Date: 01/2020 - 06/2024
Funding: ANR
Call: AAPG2019
Partners: INA, LIMSI, Carism, Deezer, LERASS, ENS Lyon
URL: https://lium.univ-lemans.fr/en/gem/


Media and society have an intricate relationship. Descriptive, the media are also prescriptive and shape our perception of the world. The GEM project aims to describe the differences in representation and treatment between women and men in the media, based on the automatic analysis of large volumes of data in French contained in the INA and Deezer collections: TV, radio, print media and music collections.

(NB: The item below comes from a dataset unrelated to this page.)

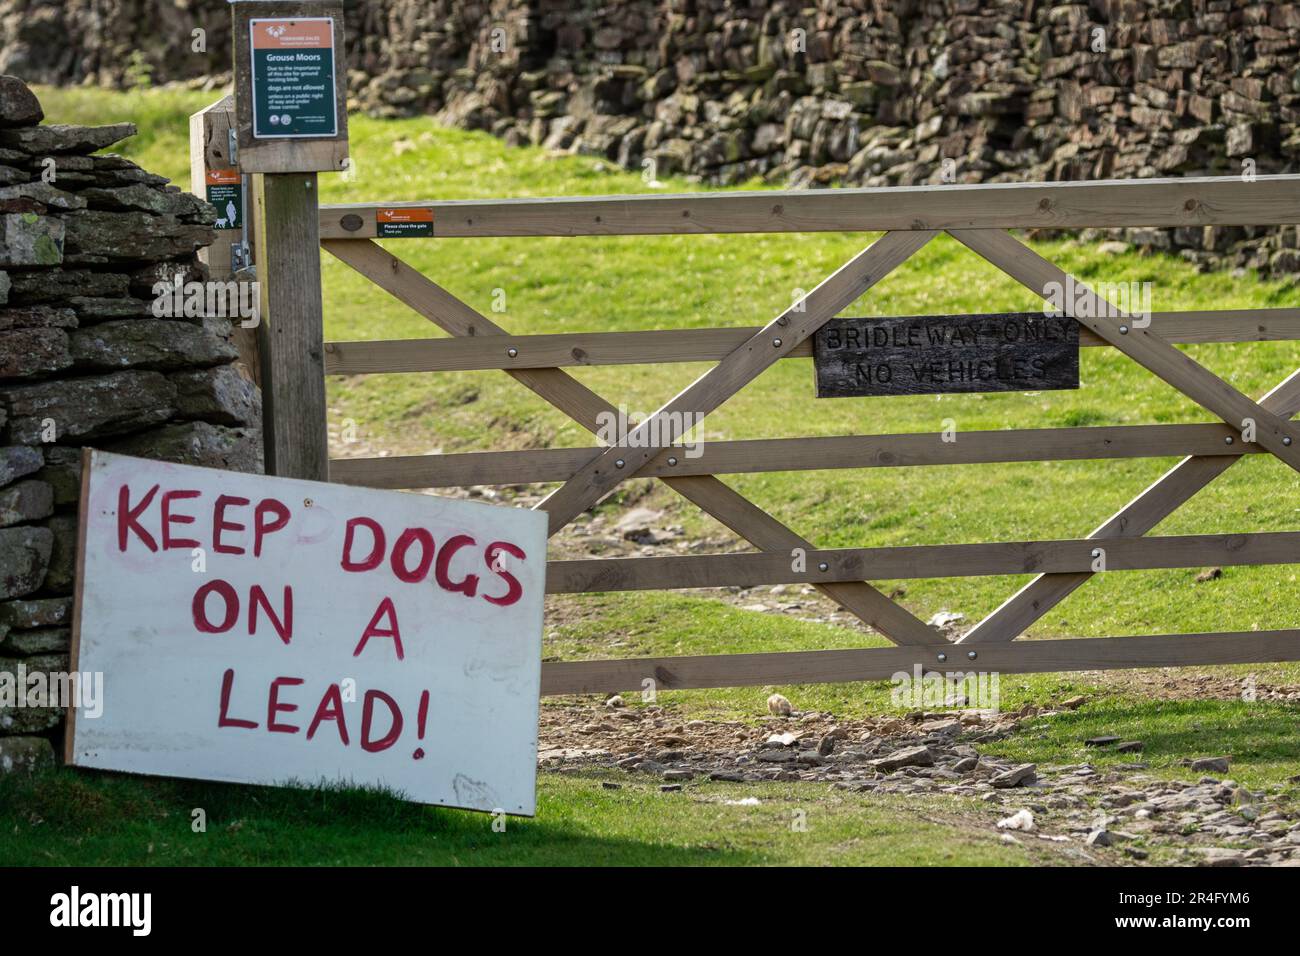 Tieni i cani su un cartello con la scritta "Lead" sul pubic Right of Way nello Yorkshire Dales, Regno Unito, per proteggere uccelli e agnelli che nidificano a terra in Springtime. Horizont Foto Stock

The ambition of this project is to conduct the largest study ever carried out on the place of men and women in the media, based on the analysis of several million documents sampled over a period of more than 80 years. This study is made possible by the extensive collections of audiovisual documents held by INA and Deezer, as well as by recent advances in ICST: speech processing, artificial vision, automatic language processing. The completion of this study requires the definition of a set of indicators representing differences in treatment and representation, the implementation of a technological basis for automatically estimating these indicators and, finally, the questioning of the reception and contextualization of the analyses carried out using qualitative approaches.

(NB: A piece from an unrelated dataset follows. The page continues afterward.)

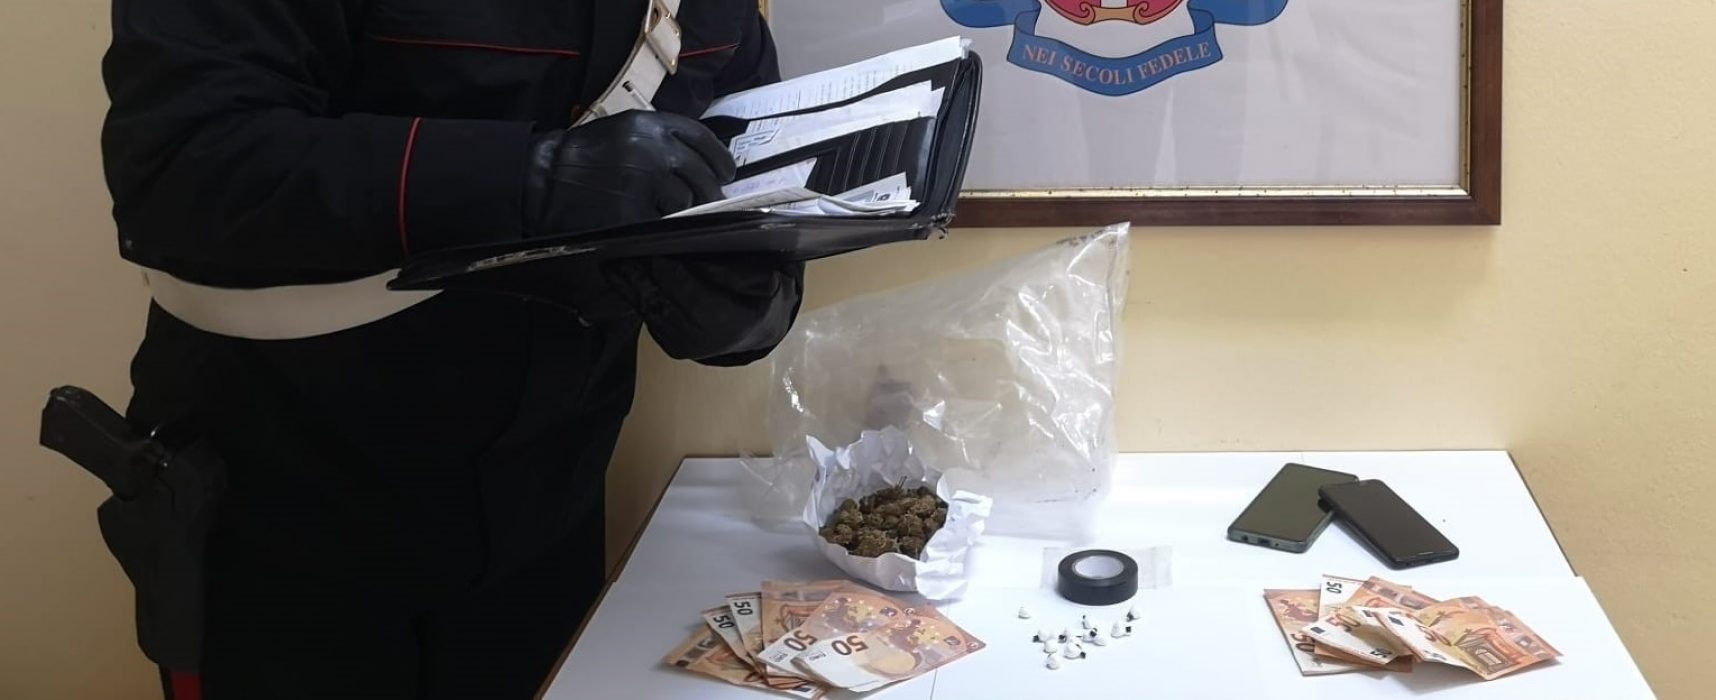 Carabinieri di Bisceglie arrestano 34enne in possesso di tredici dosi di cocaina

This large-scale quantitative approach aims to create new knowledge in the human sciences, to assess the evolution of differences in the representation of women and men over time and between different types of materials, in order to objectify some of the citizen debates on gender equality in the media. This automatic description of men and women representation responds to societal as well as industrial challenges: estimating the impact of actions aimed at a more equitable representation of the sexes in the programmes broadcast, exploring and enhancing large digital collections, improving the performance of automatic systems and studying borderline cases. The extraction of indicators of gender difference in treatment requires the removal of technological and methodological obstacles, contributing to advances in the state of the art in ICST and SHS.